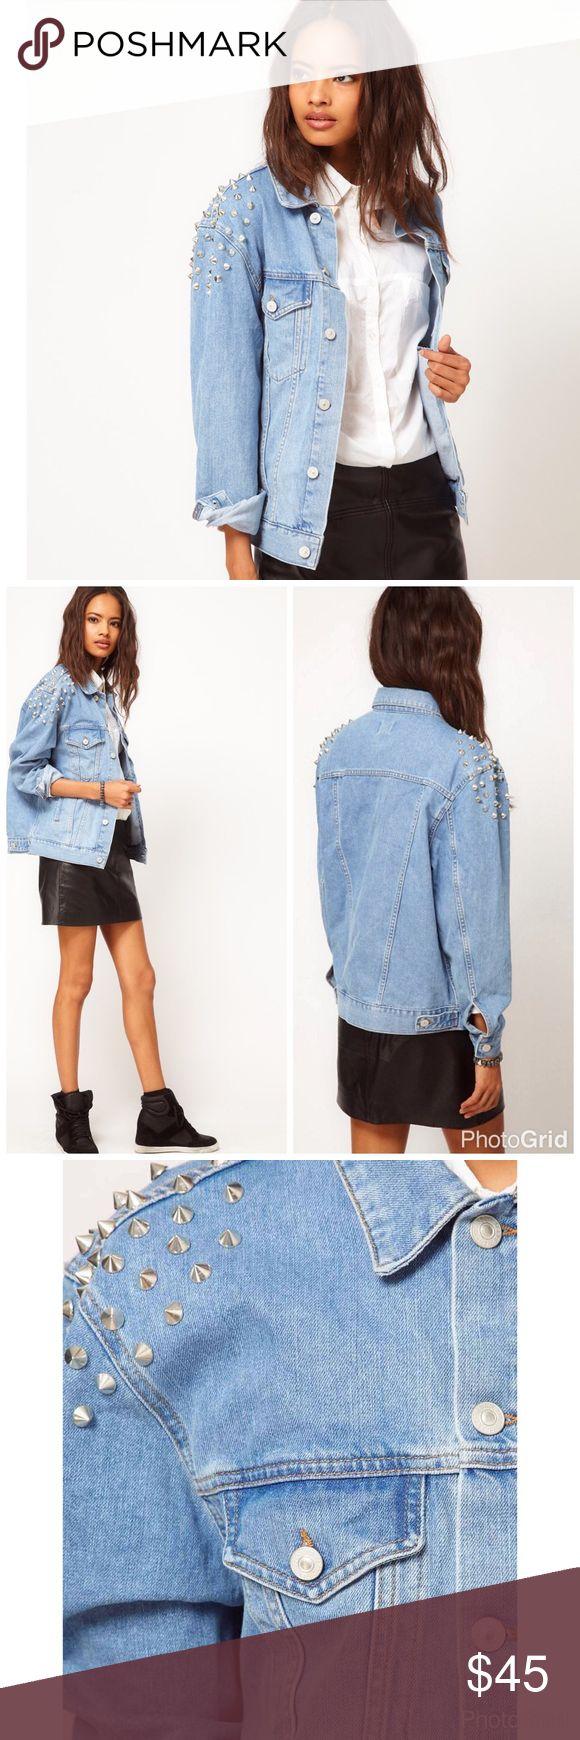 ASOS denim boyfriend jacket w/studs BNWT ASOS denim boyfriend jacket w/studs BNWT US14 ASOS Jackets & Coats Jean Jackets
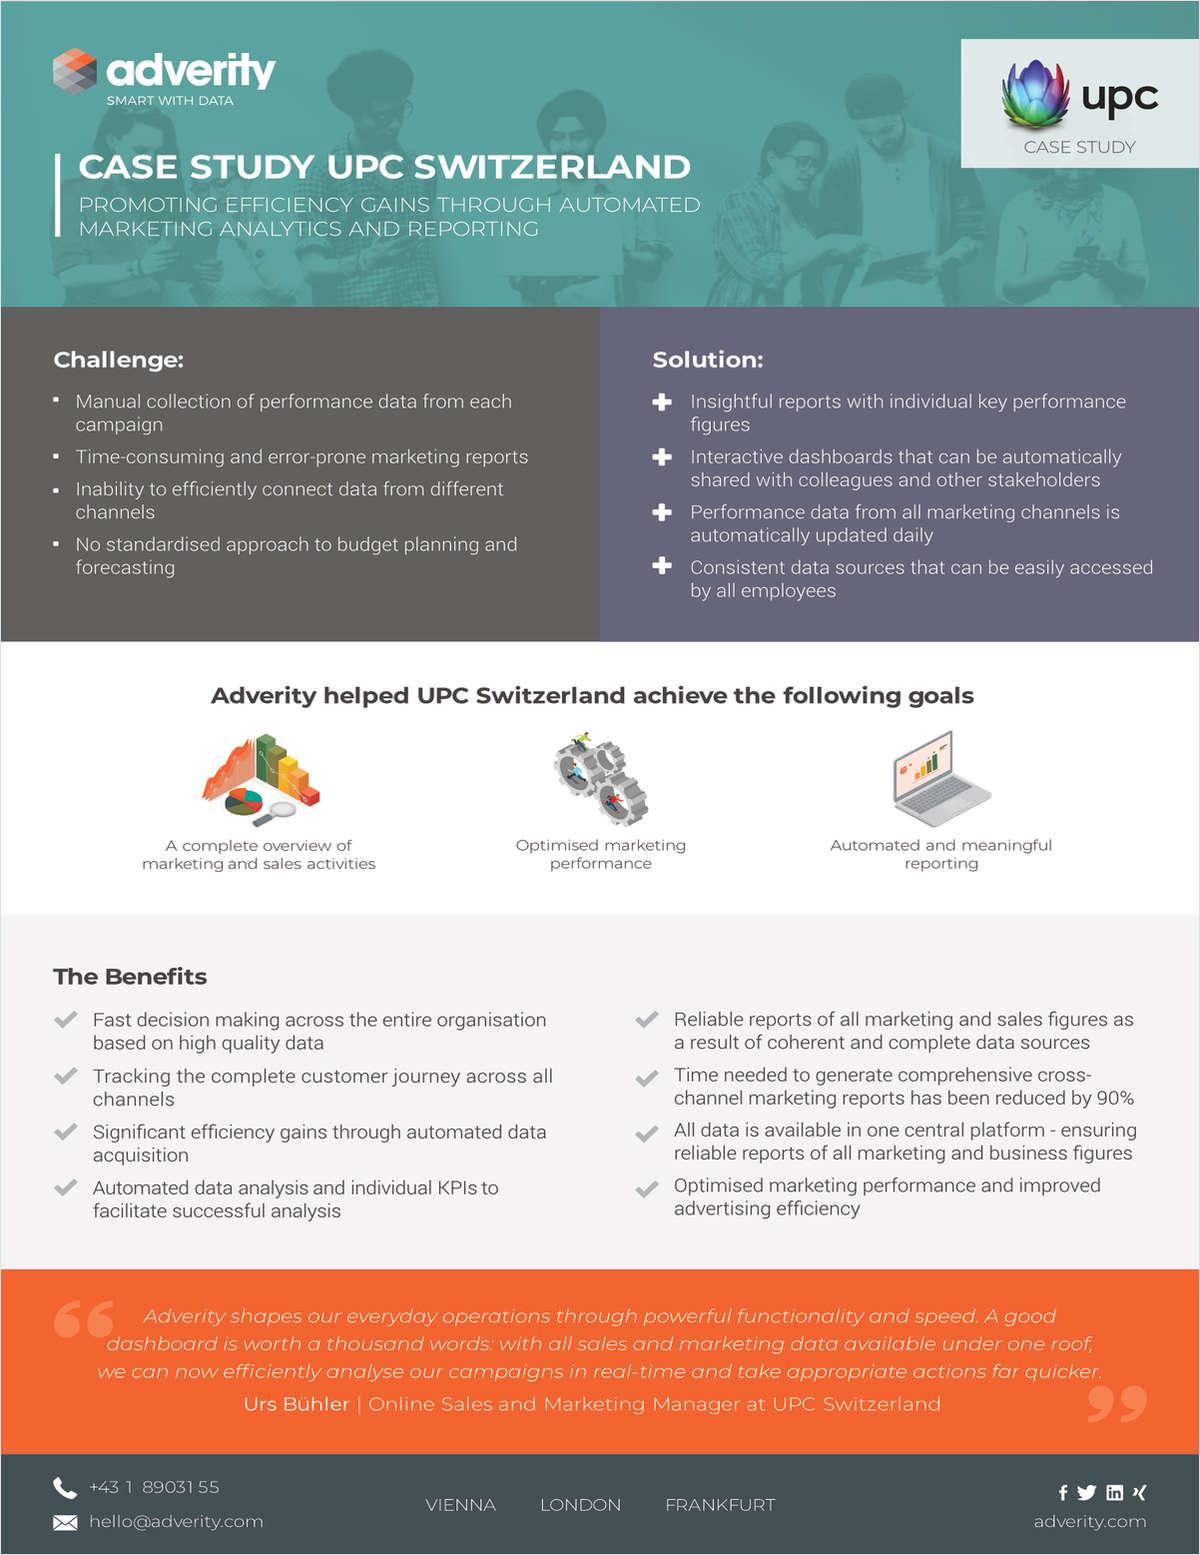 Case Study: Automated Marketing Reporting UPC Switzerland
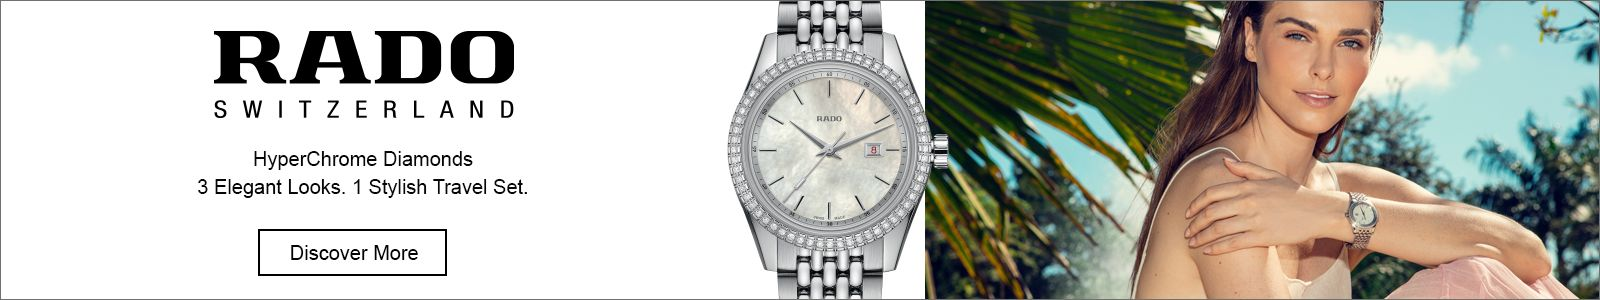 Rado, Switzerland, hyperchhrome Diamonds, 3 elegant Looks, 1 Stylish Travel set, Discover More
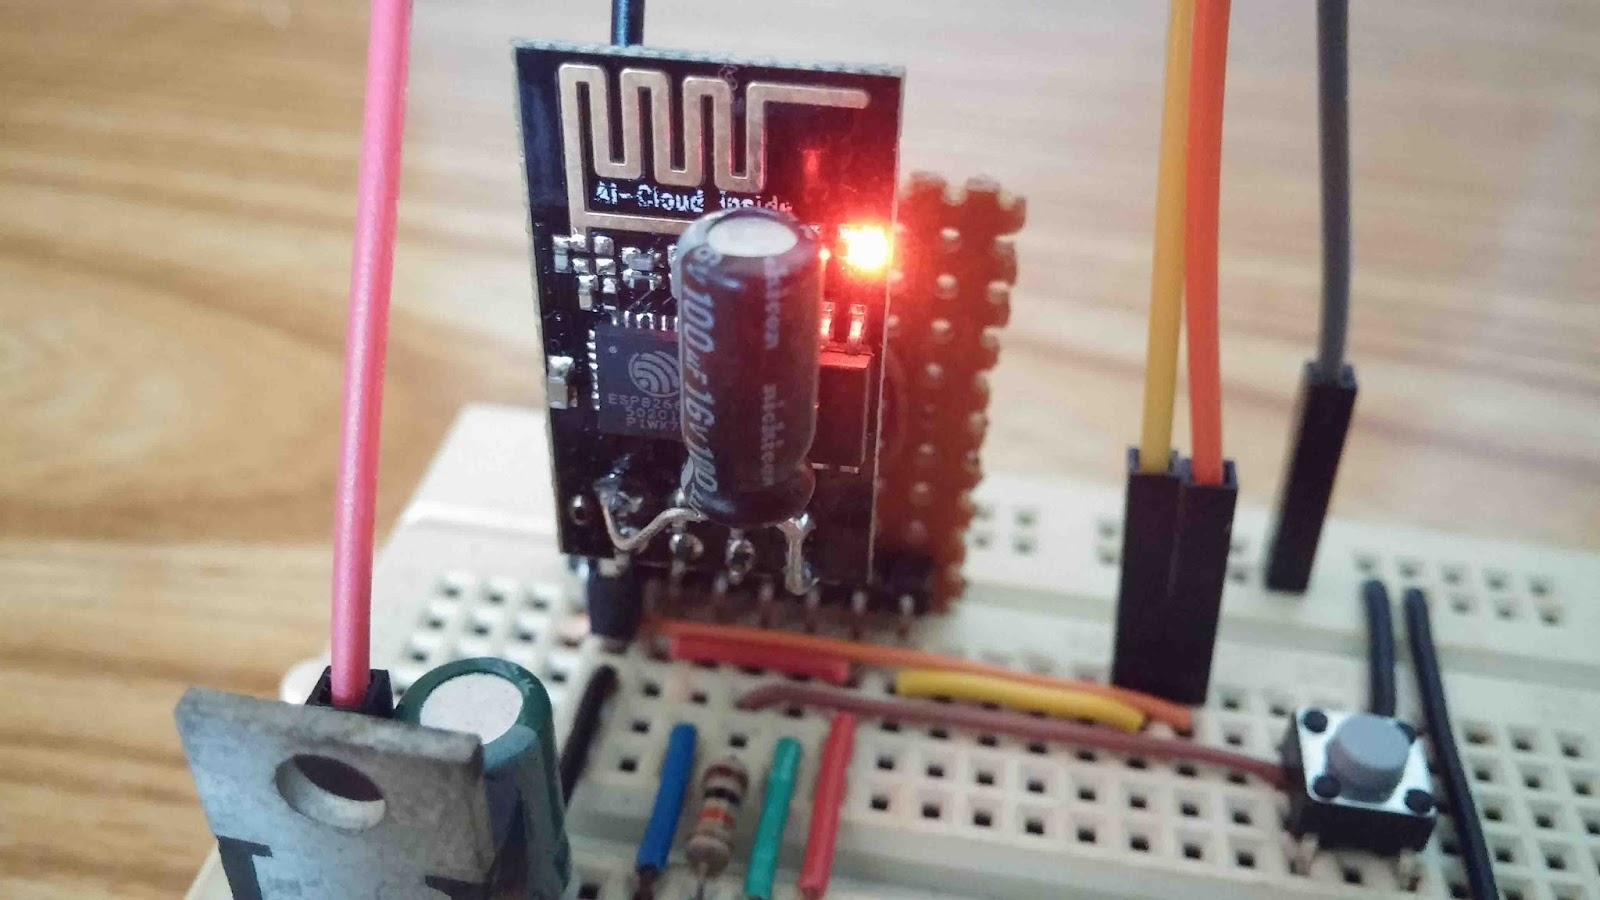 Embedded System Engineering: ESP8266 WiFi Module Tutorial 1
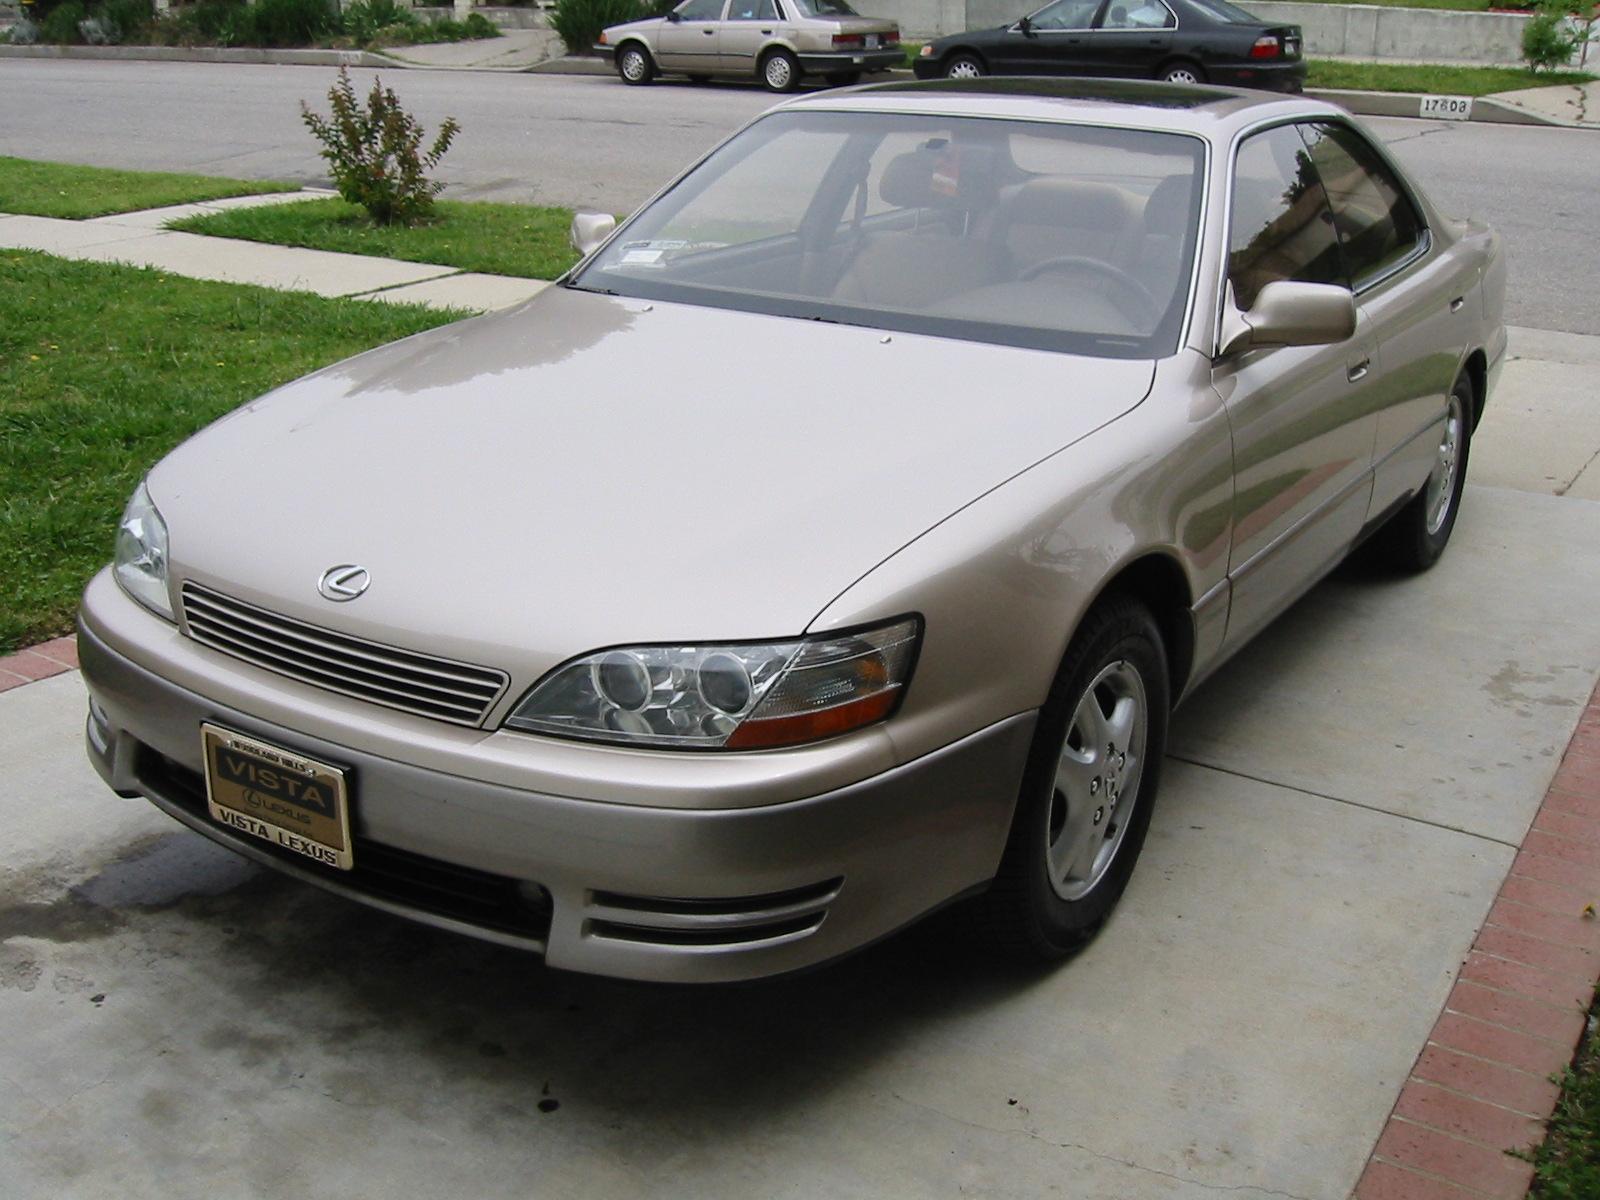 1993 Lexus ES 300 Partsopen

==========

> [What you need to do] All entries above must be printed again verbatim, with images excluded.

> [Response for this exercise]
 ASOS denim boyfriend jacket w/studs BNWT ASOS denim boyfriend jacket w/studs BNWT US14 ASOS Jackets & Coats Jean Jackets
 Case Study: Automated Marketing Reporting UPC Switzerland
 Rado, Switzerland, hyperchhrome Diamonds, 3 elegant Looks, 1 Stylish Travel set, Discover More
 Embedded System Engineering: ESP8266 WiFi Module Tutorial 1
 1993 Lexus ES 300 Partsopen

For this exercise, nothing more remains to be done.